▶ [PROBLEM DESCRIPTION]: Among the entries below, only the lines starting at the one with "eazer Window Squeegee" and ending at the one with "Burberry Louane Pant", both included, are to be printed exactly.

▶ [RECORDS SUPPLIED]:
===============

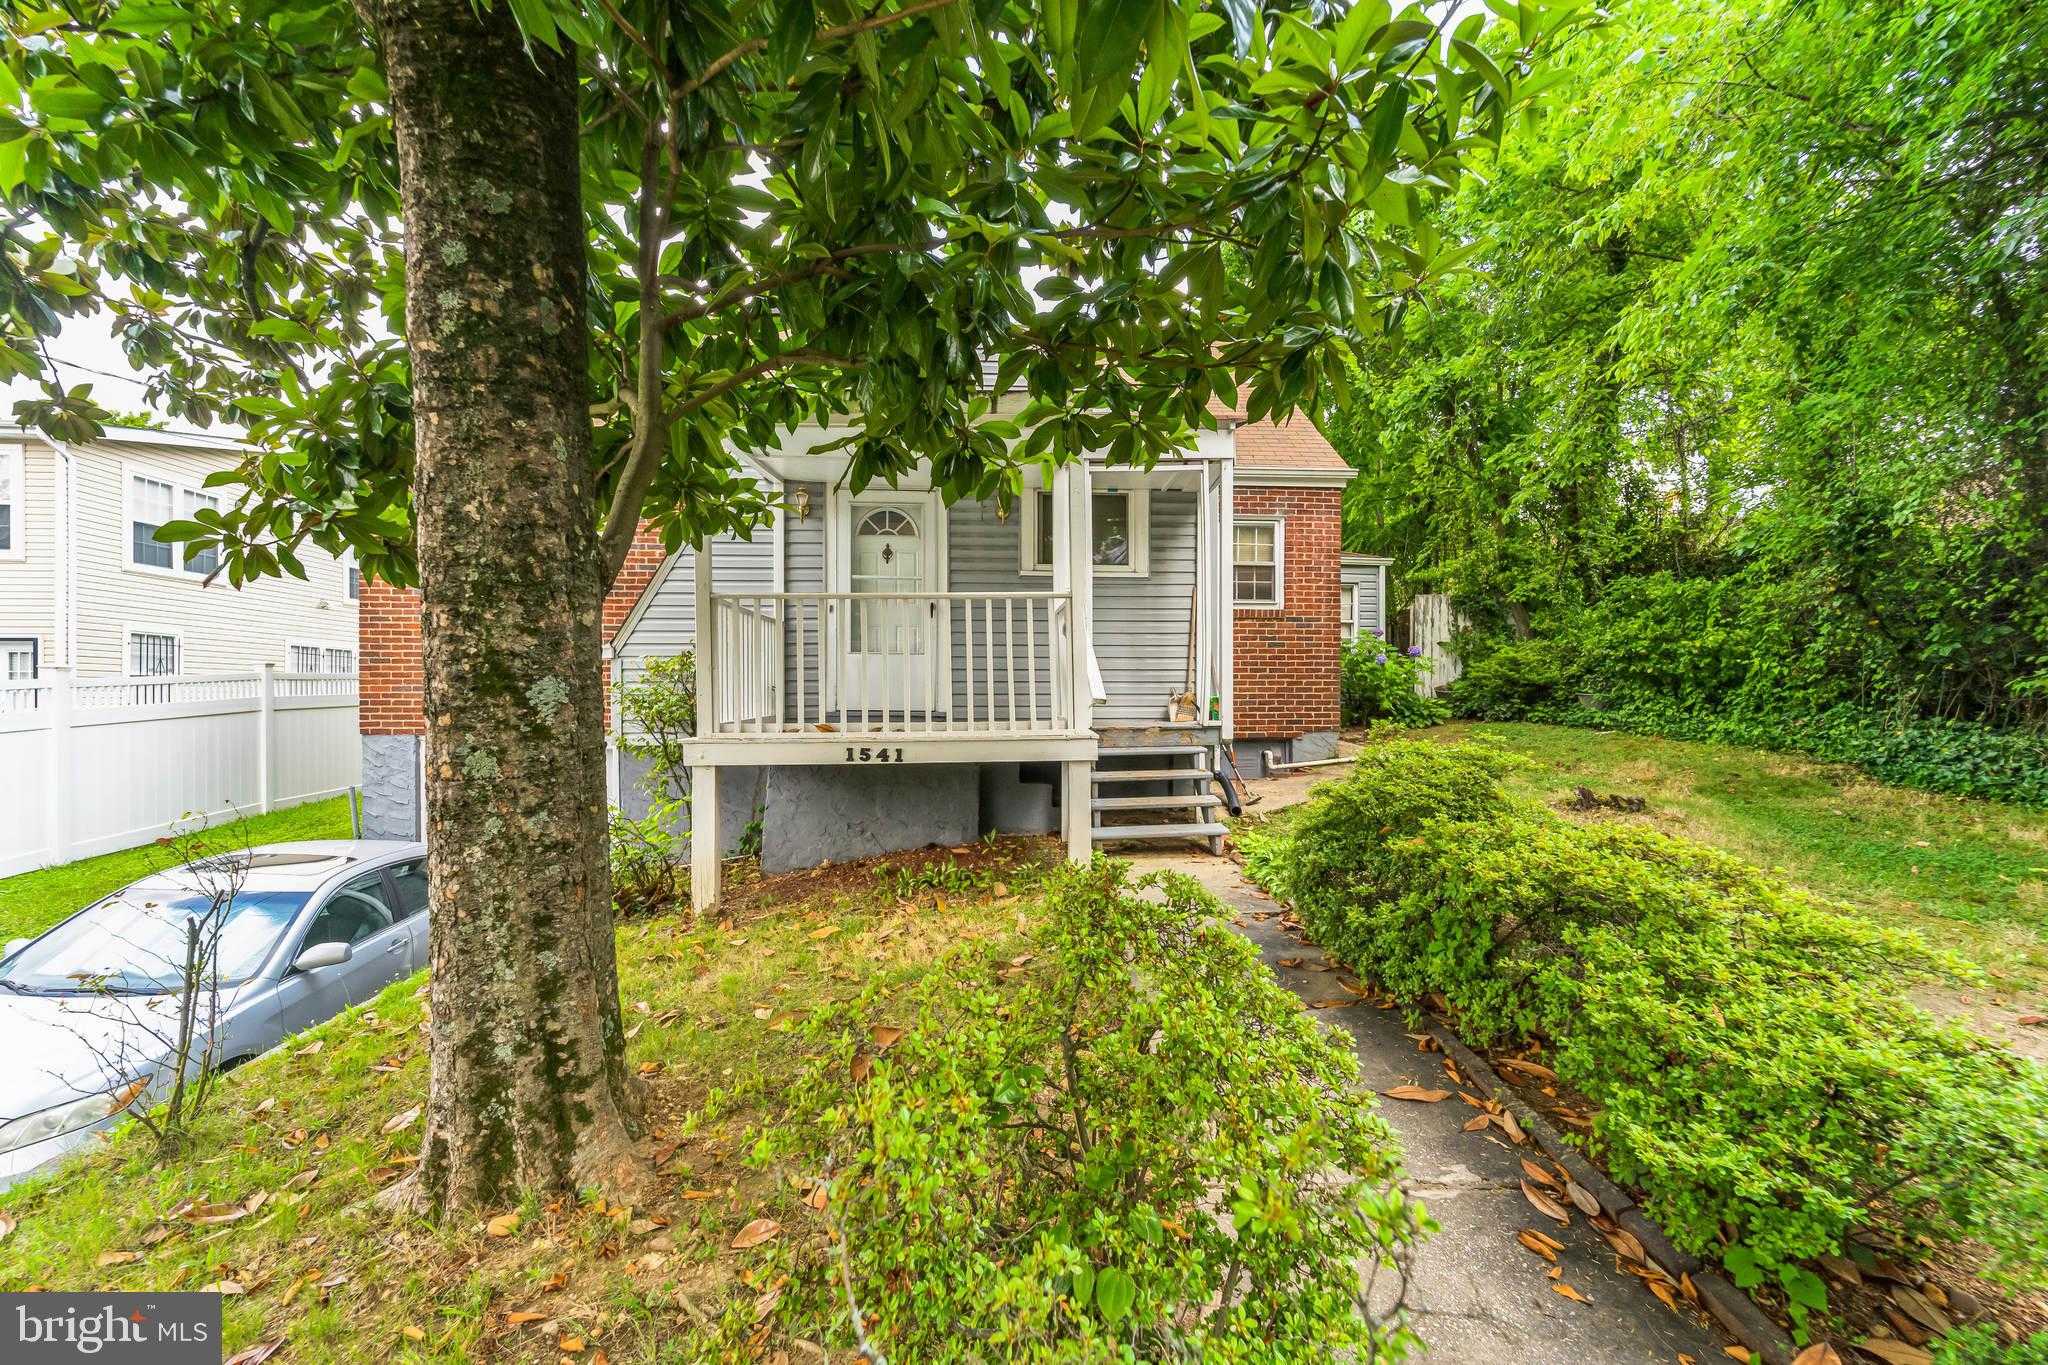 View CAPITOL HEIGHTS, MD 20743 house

===============

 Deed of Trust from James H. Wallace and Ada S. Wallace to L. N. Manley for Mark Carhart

===============

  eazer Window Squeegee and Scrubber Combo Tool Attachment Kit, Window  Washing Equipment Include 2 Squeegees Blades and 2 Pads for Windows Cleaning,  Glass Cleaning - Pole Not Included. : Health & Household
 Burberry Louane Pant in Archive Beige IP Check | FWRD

===============

▶ [RESULT FOR THIS EXERCISE]:
  eazer Window Squeegee and Scrubber Combo Tool Attachment Kit, Window  Washing Equipment Include 2 Squeegees Blades and 2 Pads for Windows Cleaning,  Glass Cleaning - Pole Not Included. : Health & Household
 Burberry Louane Pant in Archive Beige IP Check | FWRD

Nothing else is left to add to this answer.